Model Fitting and Hypothesis Testing
- A generalized linear model (GLM) is fit to each gene’s normalized counts.
- DESeq2 tests whether gene expression differs significantly between groups:
  - Wald test for simple comparisons (e.g., treated vs. control),
  - Likelihood Ratio Test (LRT) for more complex designs with multiple variables.
- Each test returns a log2 fold change and a p-value.
Multiple Testing Correction
- To control for false positives from testing thousands of genes, DESeq2 adjusts p-values using Benjamini-Hochberg FDR correction.
- An FDR cutoff of <0.05 means that 5% of DE genes may be false positives.

After identifying differentially expressed (DE) genes, functional analysis helps interpret their biological relevance by uncovering the pathways, processes, or interactions they may be involved in. This includes:

Functional enrichment analysis – identifies overrepresented biological processes, molecular functions, cellular components, or pathways.
Network analysis – groups genes with similar expression patterns to reveal potential interactions.

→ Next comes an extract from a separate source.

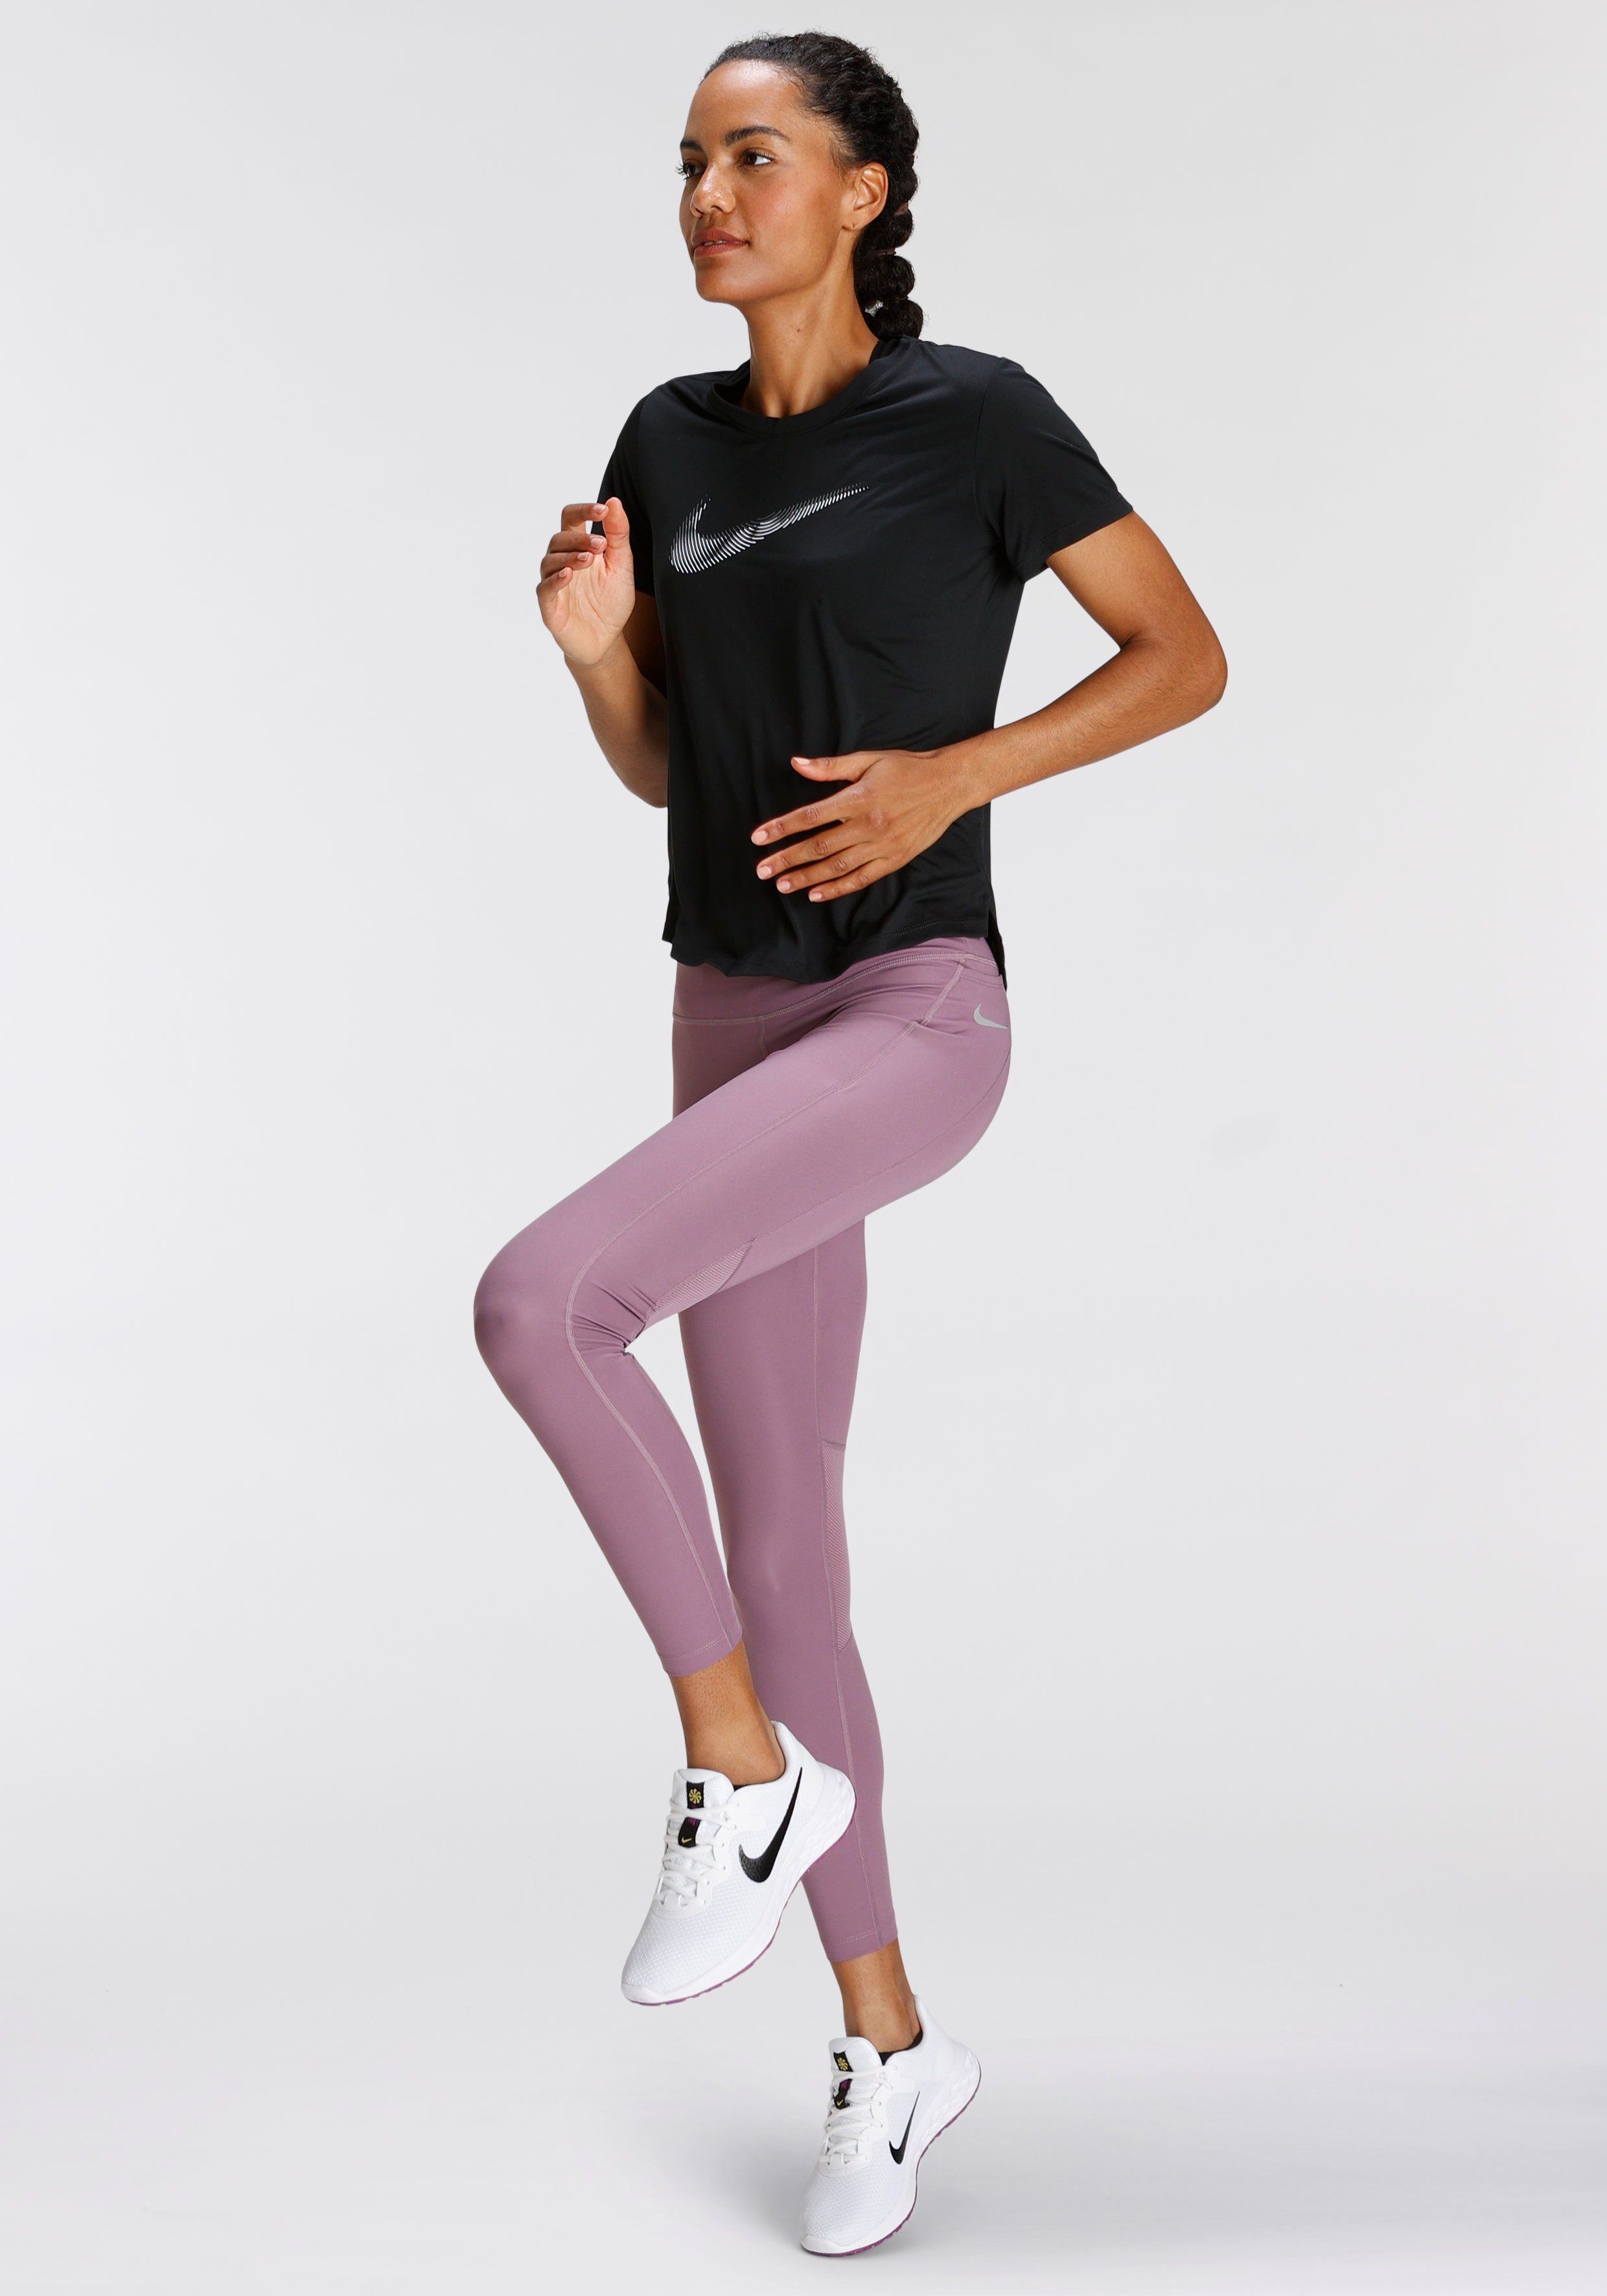 SWOOSH Laufshirt Nike RUNNING BLACK/COOL GREY TOP WOMEN'S SHORT-SLEEVE DRI-FIT

This course focuses on Over-Representation Analysis (ORA), a common enrichment method that uses the hypergeometric test to assess whether certain biological pathways or gene sets are statistically enriched in the DE gene list.

Key components of ORA:

Universe – the full set of genes considered (e.g., all genes in the genome).
Gene Set – a group of genes annotated to a particular function or pathway (e.g., from Gene Ontology).
Gene List – the list of DE genes identified in the analysis.

The test evaluates whether the overlap between the DE gene list and a gene set exceeds what would be expected by chance, pointing to potentially meaningful biological mechanisms.

Tools commonly used for functional enrichment include Gene Ontology, KEGG, Reactome, clusterProfiler, and g:Profiler. These support the biological interpretation of DE results and help uncover pathways affected by the experimental condition.